* _Exercise_:
The expected output is the line with "My Financial Zen" plus all lines after it to the end of the material below, reproduced exactly, with pictures omitted and nothing else included.

* _Exercise data_:
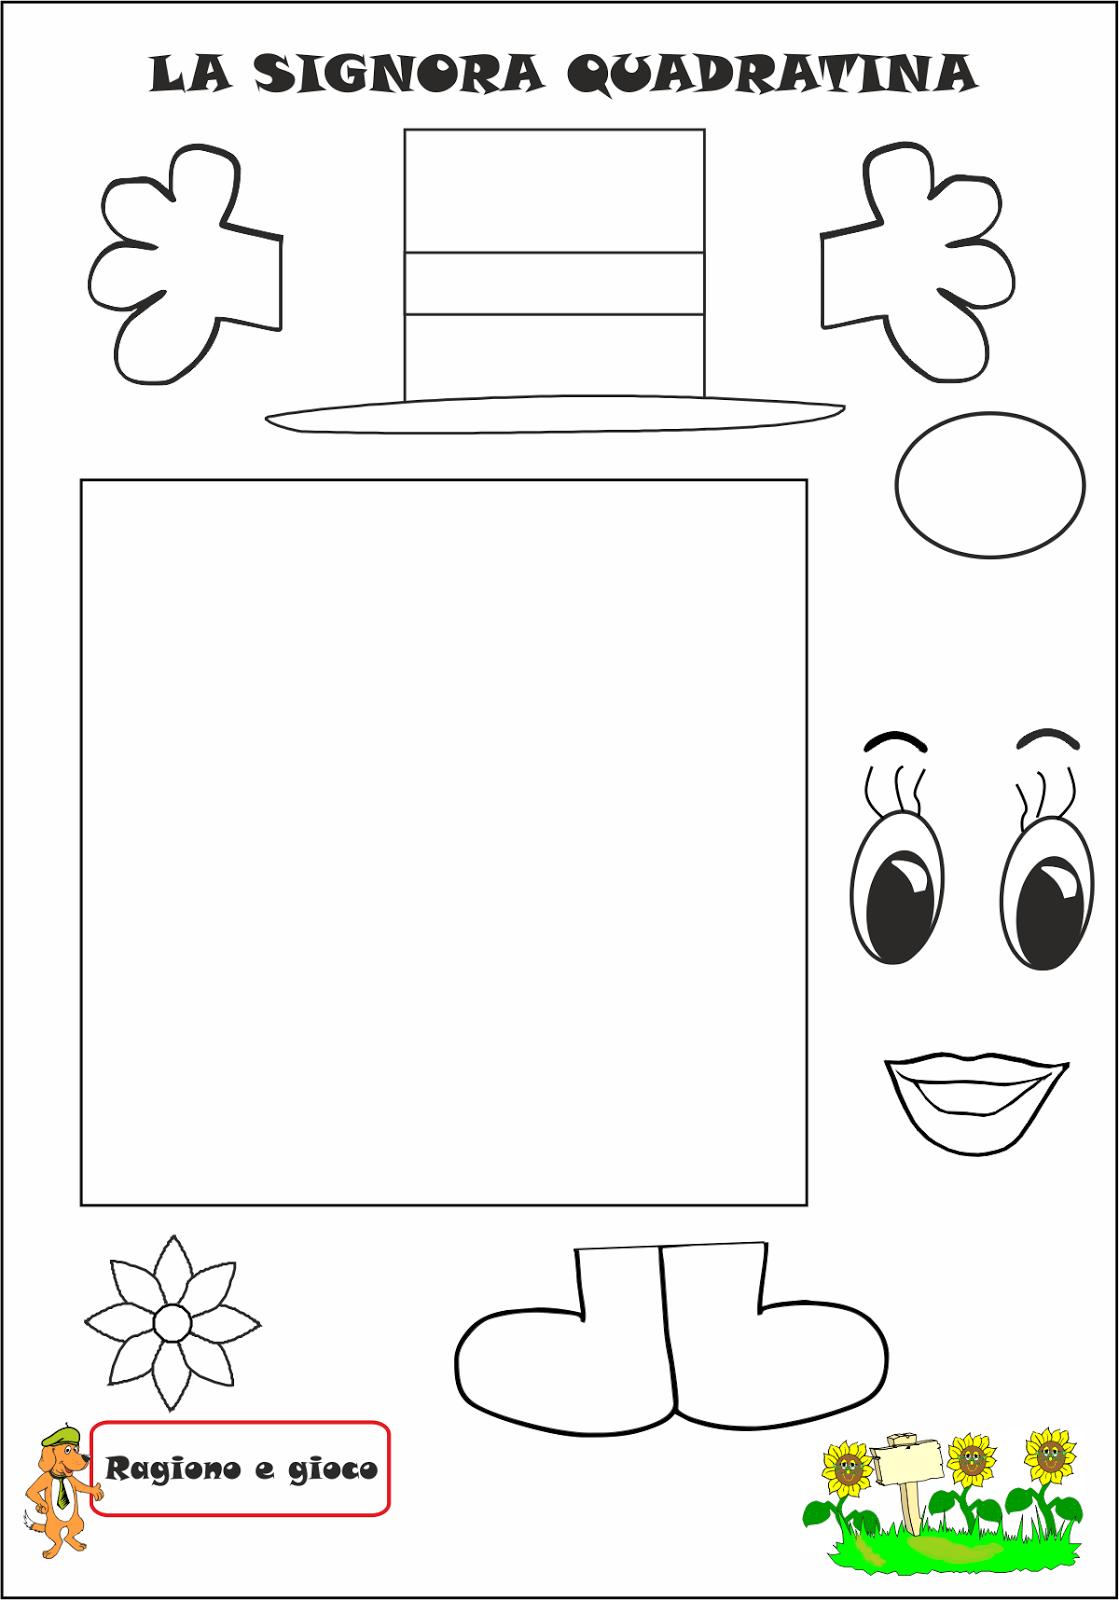 La signora quadratina cornicette educa o escola e - Numero di fogli di lavoro per bambini ...
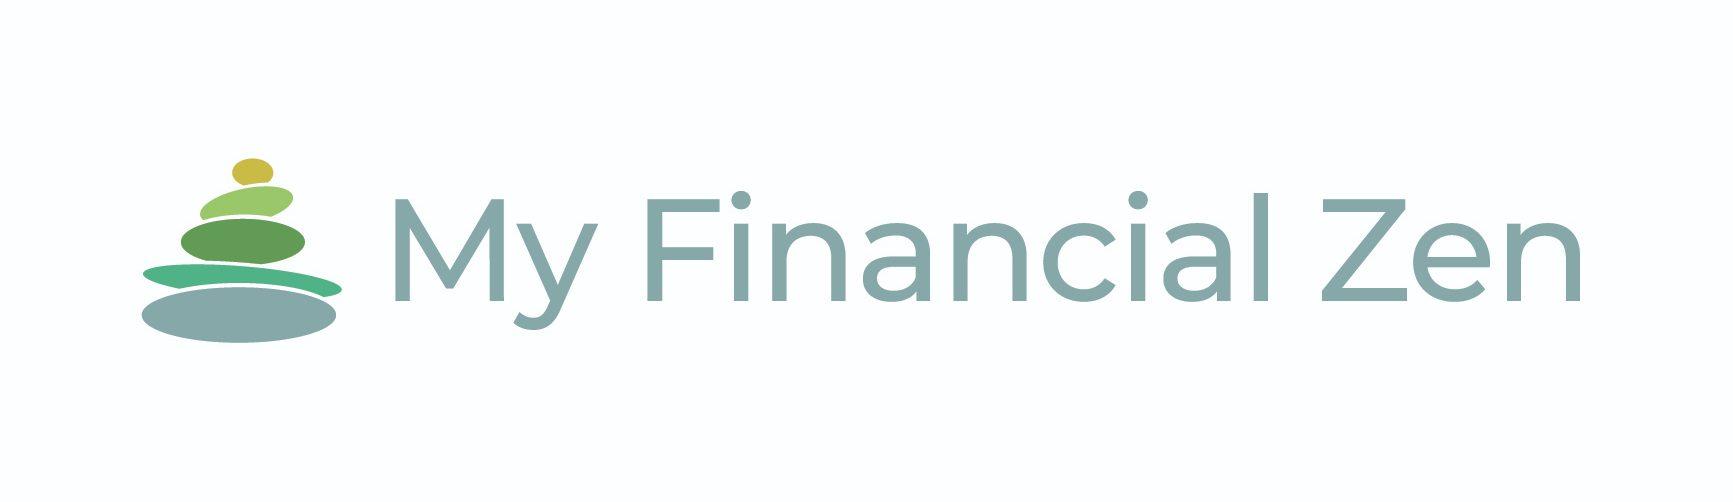 My Financial Zen
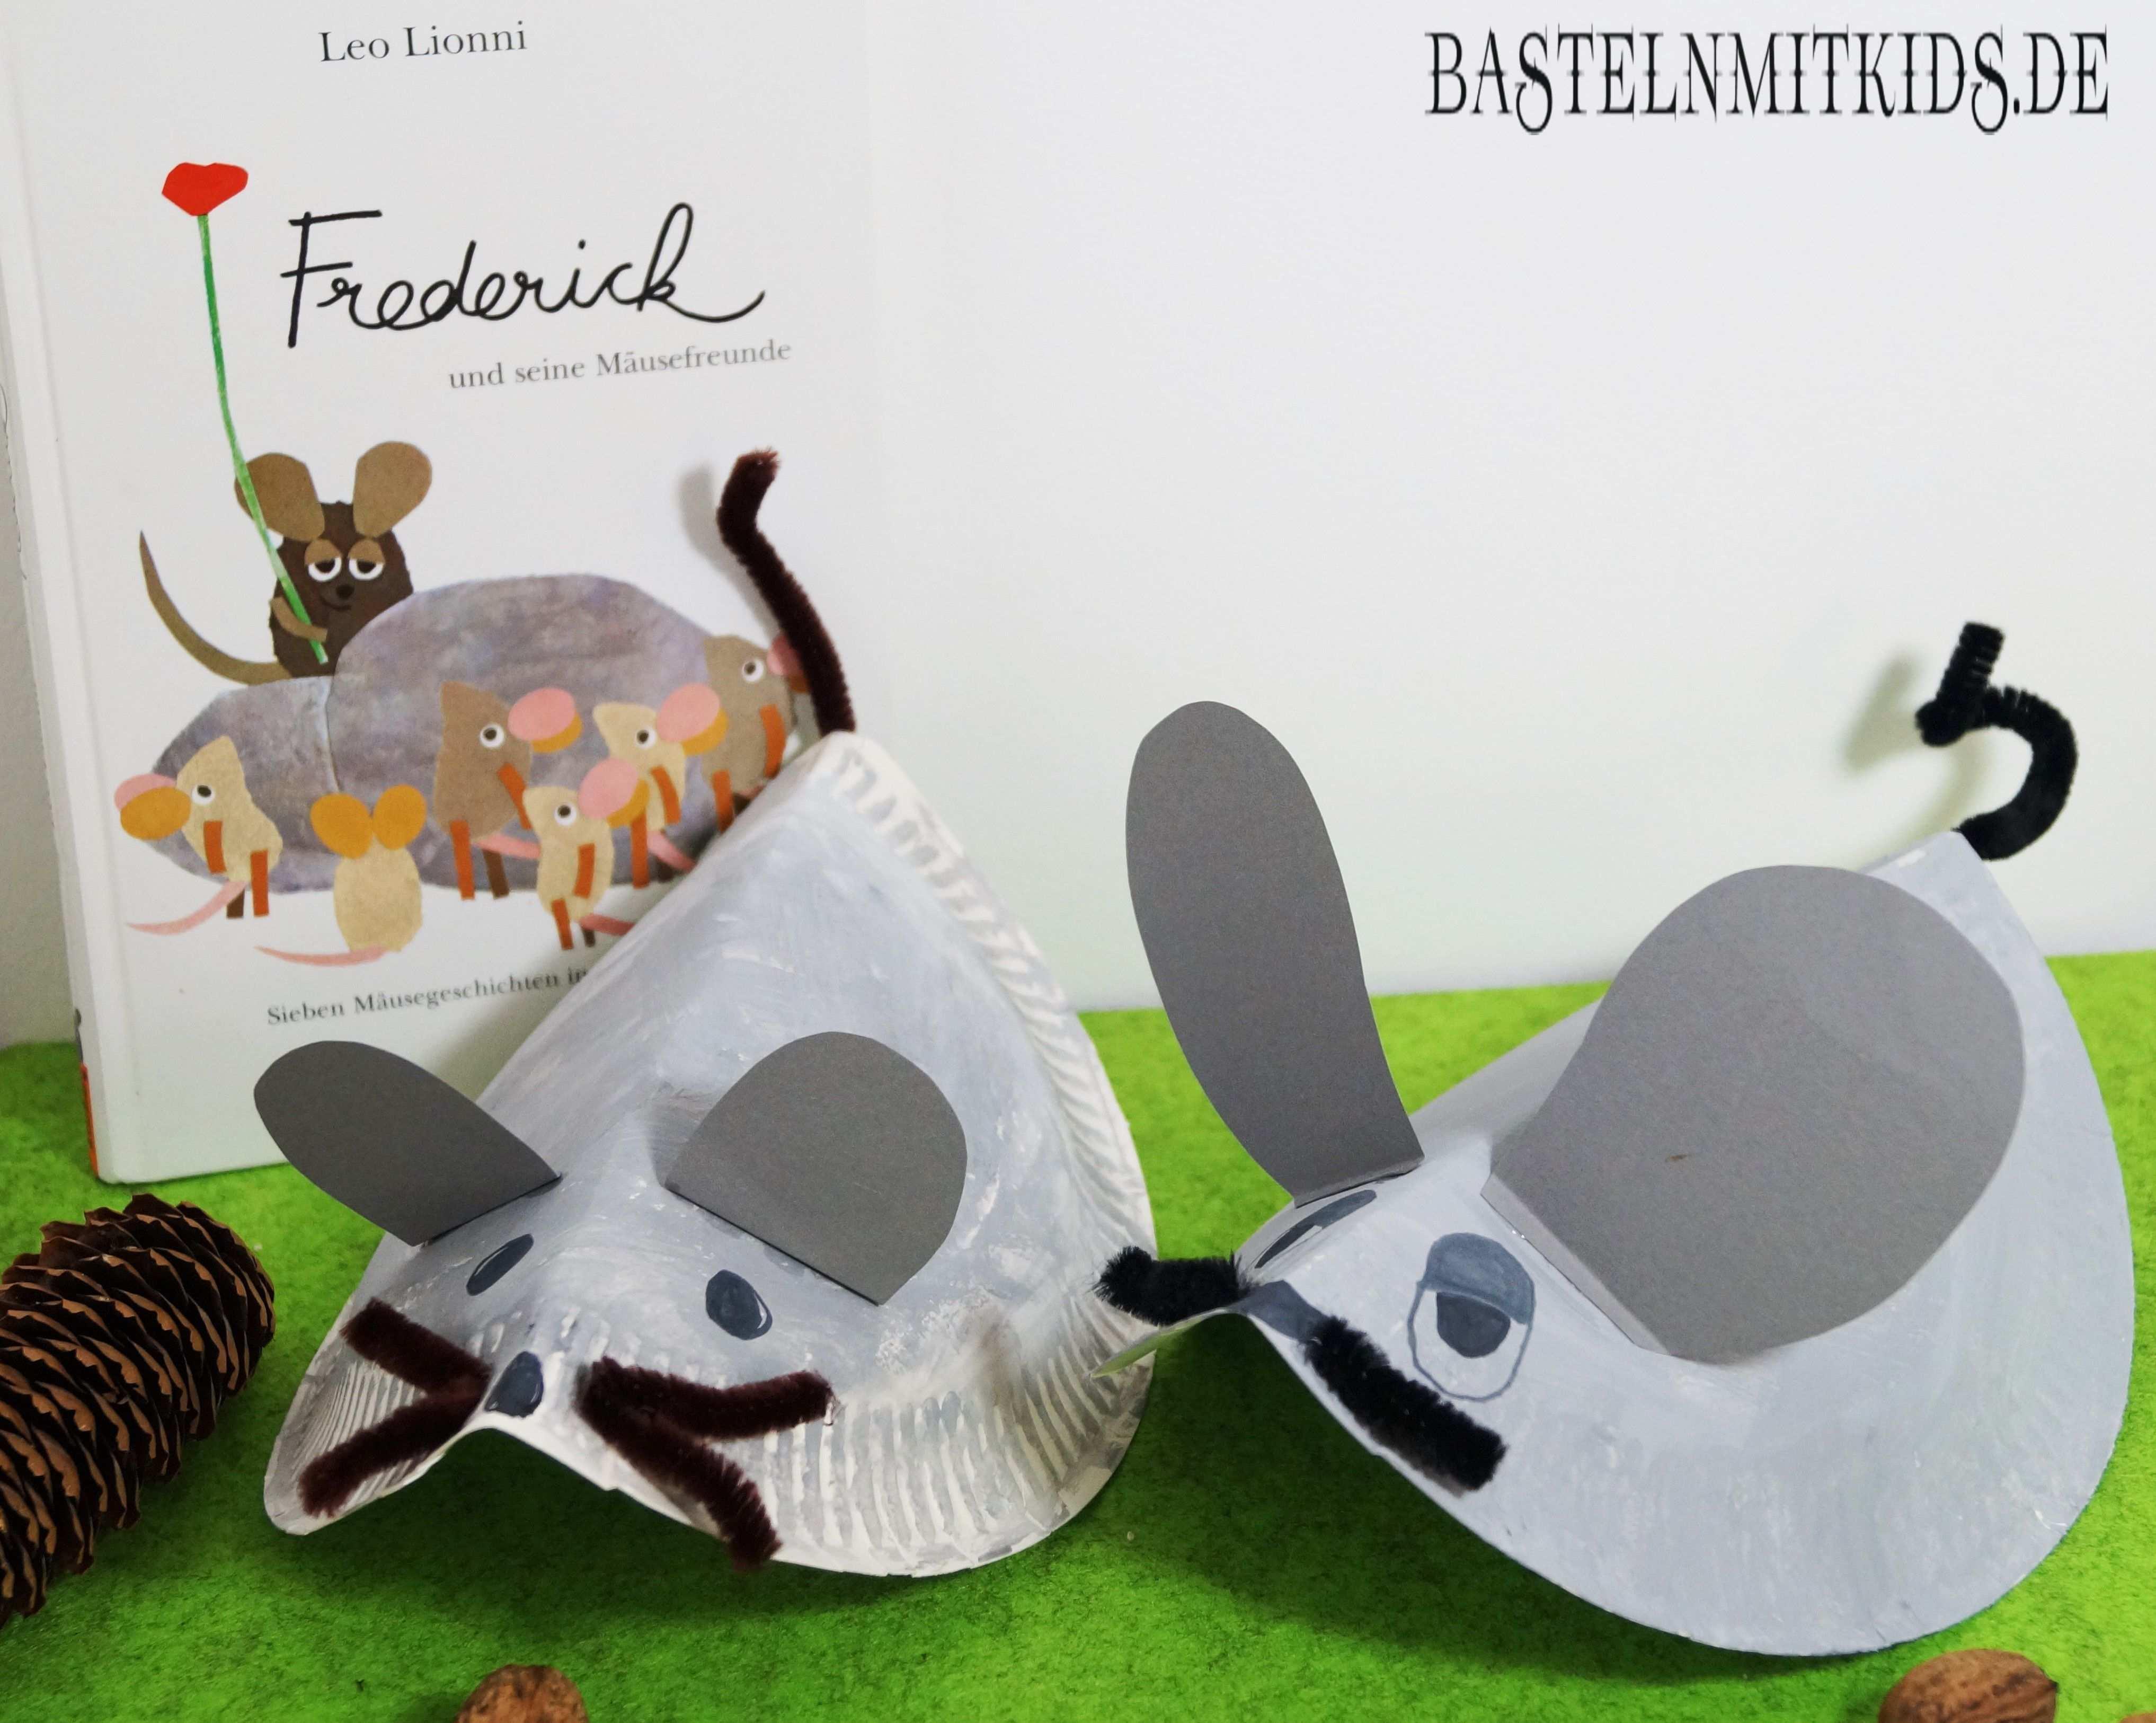 Eine Maus Basteln Mit Papiertellern Basteln Mit Kindern Maus Basteln Basteln Basteln Mit Kindern
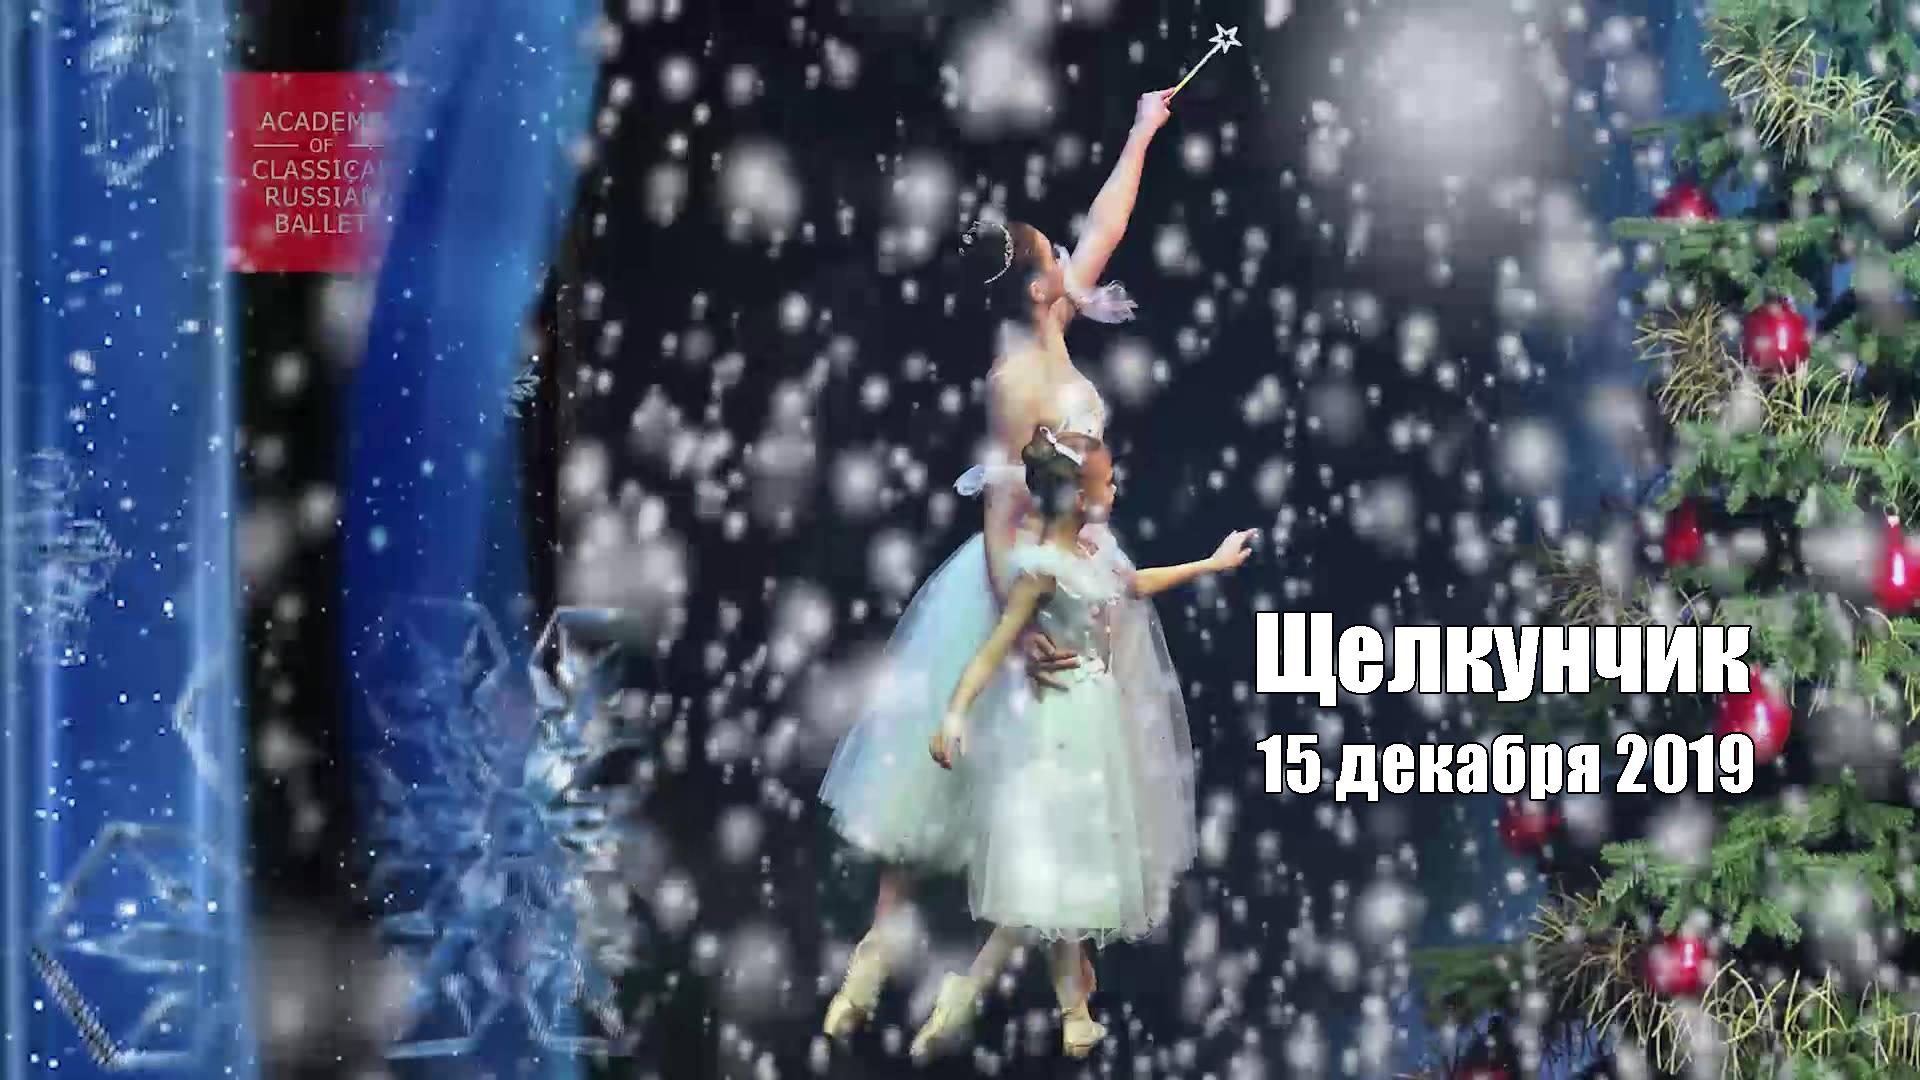 15 декабря Щелкунчик в Нордвейке

* _Solution to this problem_:
 My Financial Zen
 Eine Maus Basteln Mit Papiertellern Basteln Mit Kindern Maus Basteln Basteln Basteln Mit Kindern
 15 декабря Щелкунчик в Нордвейке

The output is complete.